サイプレス上野 × ロベルト吉野(2)
――ちょっと強引かもしれないけど、その頃の遊びの感覚がいまの2人のパフォーマンスにも繋がってるよね。2人の活動の面では、歌でも歌われている*12001年の大きなイヴェントでの失敗が転機になって、ライヴの見せ方もよりタイトになっていくわけだけど。
*1 新作『WONDER WHEEL』に収録の“NEXT EPISODE”。
上野 ちょうどエミネムが日本に来た日に「なんと今日はエミネムが来てます」って言って、吉野がお面かぶって出てくるっていう。そっからお面が導入されて。でもバトルDJのTETSUって言われてたから、吉野には葛藤がすげえあったみたいで。
吉野 名前が変わった2000年ぐらいからずーっと葛藤があったんですけど、『Homebrewers 2』が出るちょい前ぐらいに「もうロベルト吉野でいいや」って。「馬鹿々々しいや」みたいな(笑)。
上野 「仮面とか改造してんだから、いい加減、吹っ切れろよ!」ていう(笑)。
吉野 最初の仮面は、ジェイソンのマスクとエアーマスクとアイスホッケーの防具つけて、スパイダーマンのクモのフィギュアを飾ってたんですよ。それでトゲをつけて迷彩スプレー塗って、防水メガネをつけて、完全にもう、ヘルレイザー(87年公開の恐怖映画)的な(笑)。それでメタリカとかジェフ・ベック(の曲)をかけてる(笑)。
上野 あれはひどかったな。ジェフ・ベックのむせび泣くギターが響いて、そんな仮面の奴が出てくる(笑)。
――それ、十分やりきってるよ(笑)。
上野 でも、2001年7月25日に横浜Bay Hallのでっかいイヴェントに出してもらって、大失敗して心入れ替えようっていう。それまではグダグダでしたよ。
――そこを経て、いまはいろんな現場のライヴに呼ばれるようになったわけだけど、とりわけ横浜で2人を取り巻く周囲の反応はどう?
上野 いろいろなところでやらせてもらうにつれて、MACCHO(OZROSAURUS)くんと一緒に撮影したり、地元の先輩のスケーター友達だから、FIRE BALLの人ともリンクしてたり、すごい昔から知ってる若手のMARSHALL LAWとかも、「今度ダブ録らせてよ」って言ってくれるようになってきてたり。THUG FAMILYもストリート仕切ってるハスラーだけど、普通に「司会やってよ」って誘ってくれる。マネージャーみたいなことやってる奴は、OZROのライヴを一緒に見てたときに「上野くんがこうなってくれないと困るんすよ」って言ってくれた。ウェッサイも、完全に隔たりはないっすね。

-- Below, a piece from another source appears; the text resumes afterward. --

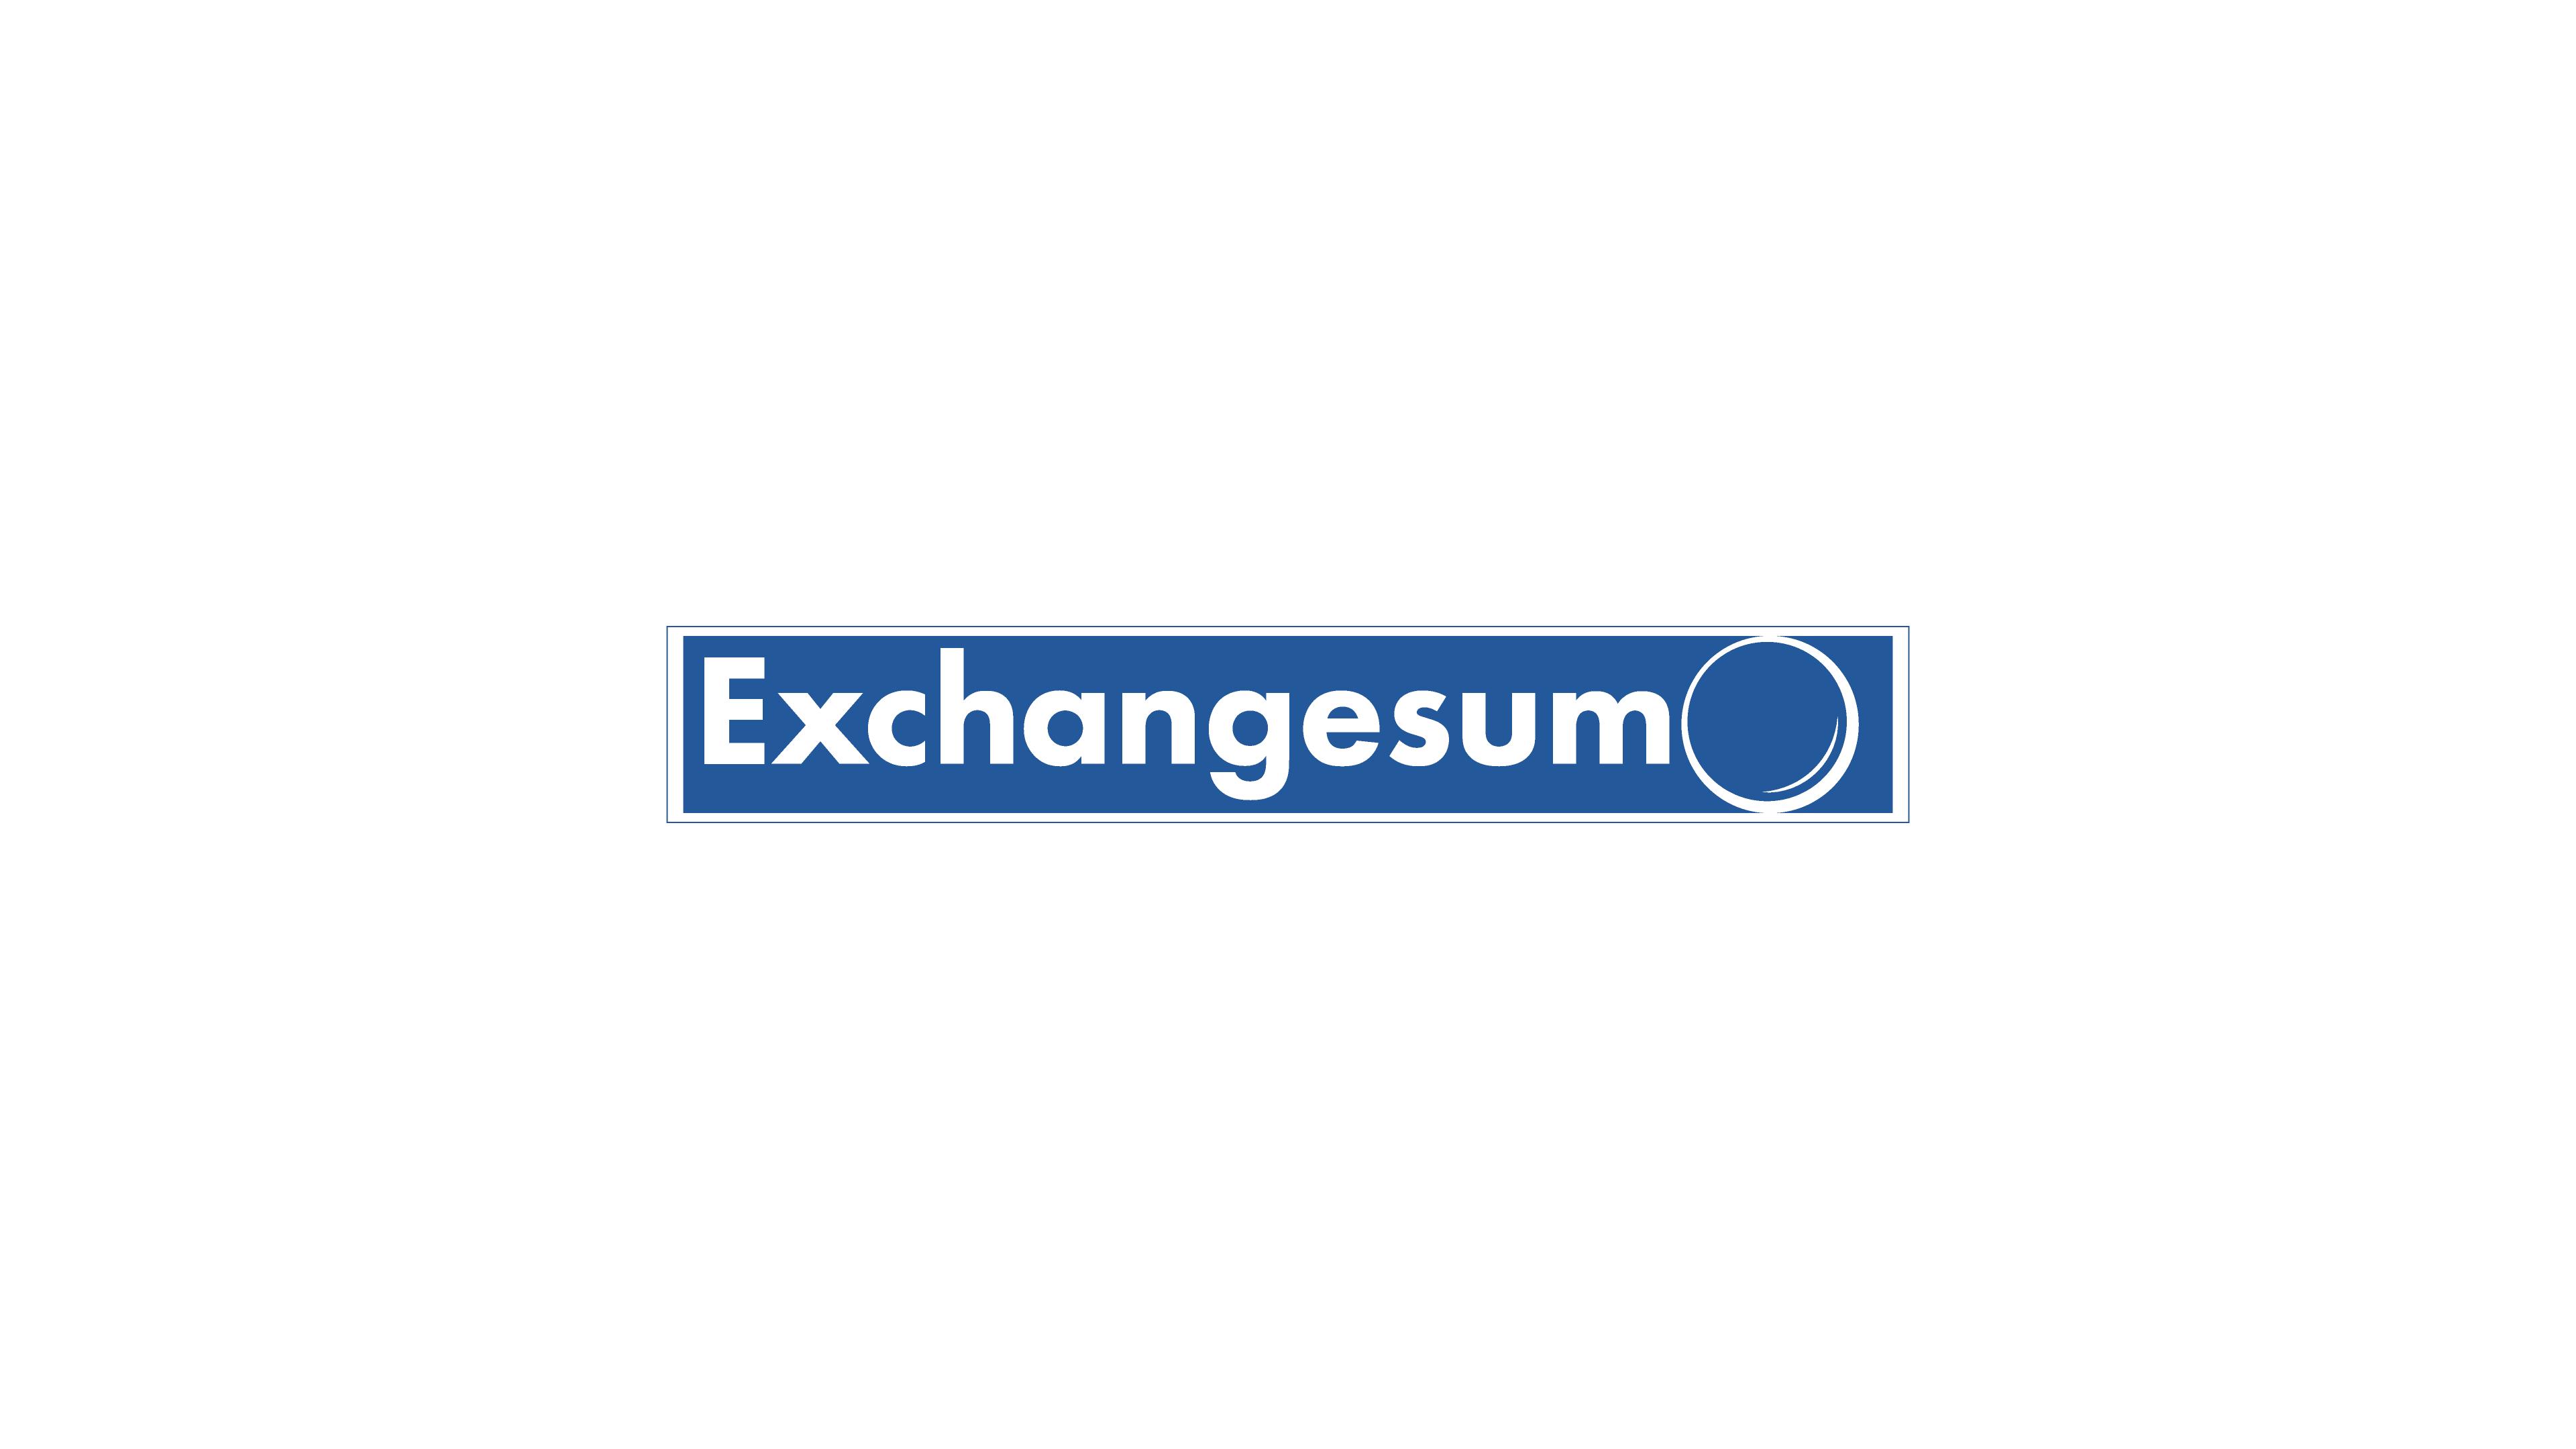 Логотип для мониторинга обменников фото f_9225baa7dc8d47b5.png

(DJ)FILLMOREくんとは高校のとき3年ぐらいずっと同じパーティーやってて、手本だったよね?
吉野 FILLMOREさんの2枚使いと同じネタ買って、練習とかしてましたね。
――そういう隔たりのなさは、2人だからこそってところもあると思うよ。逆に、いまZZ PRODUCTIONで活動を近くしているSTERUSSとかとはどうだったの?
上野 逆に、STERUSSとか同じようなスタイルだと思ってた奴らとは、同じイヴェントに出ててもガチガチでしたよ。誰も会話しない。鎮座DOPENESSも、カトマイラくんとかとアングラデラってグループで同じイヴェントに出てたけど、ヤバイと思っててもお互い口聞かないみたいな。ホントひどい時代。『Homebrewers 2』のときにはみんな仲良くなってたけど。
――2人はヒップホップ外の横浜のアンダーグラウンド・シーンとも縁が深いよね。PAN PACIFIC PLAYAしかり。
上野 あそこら辺がやってるイヴェントに毎回遊びに行って、意味もなくマイク握ったりしてて。UNITんとき(『ドリーム』のリリース・ライヴ)にもどうしてもいて欲しいって言ったら一回イヴェント休んでくれたりして、それぐらい仲いいし、そこで交遊が広がったんすよ。
――そうした交流もやっぱり遊びの延長、か。
上野 地元の奴らとホントに毎晩車でどっか行くみたいな。ミックステープを車で聴いて箱根とかよく行ってて。そのノリか、やっぱ?
吉野 鳥肌実を爆音で聴いたりとか。
上野 冬になったら箱根の池でスケートして、「野グソするべ」とか行って野グソとかして(笑)。それじゃあ、何がしてえんだか全然わかんないよね(笑)。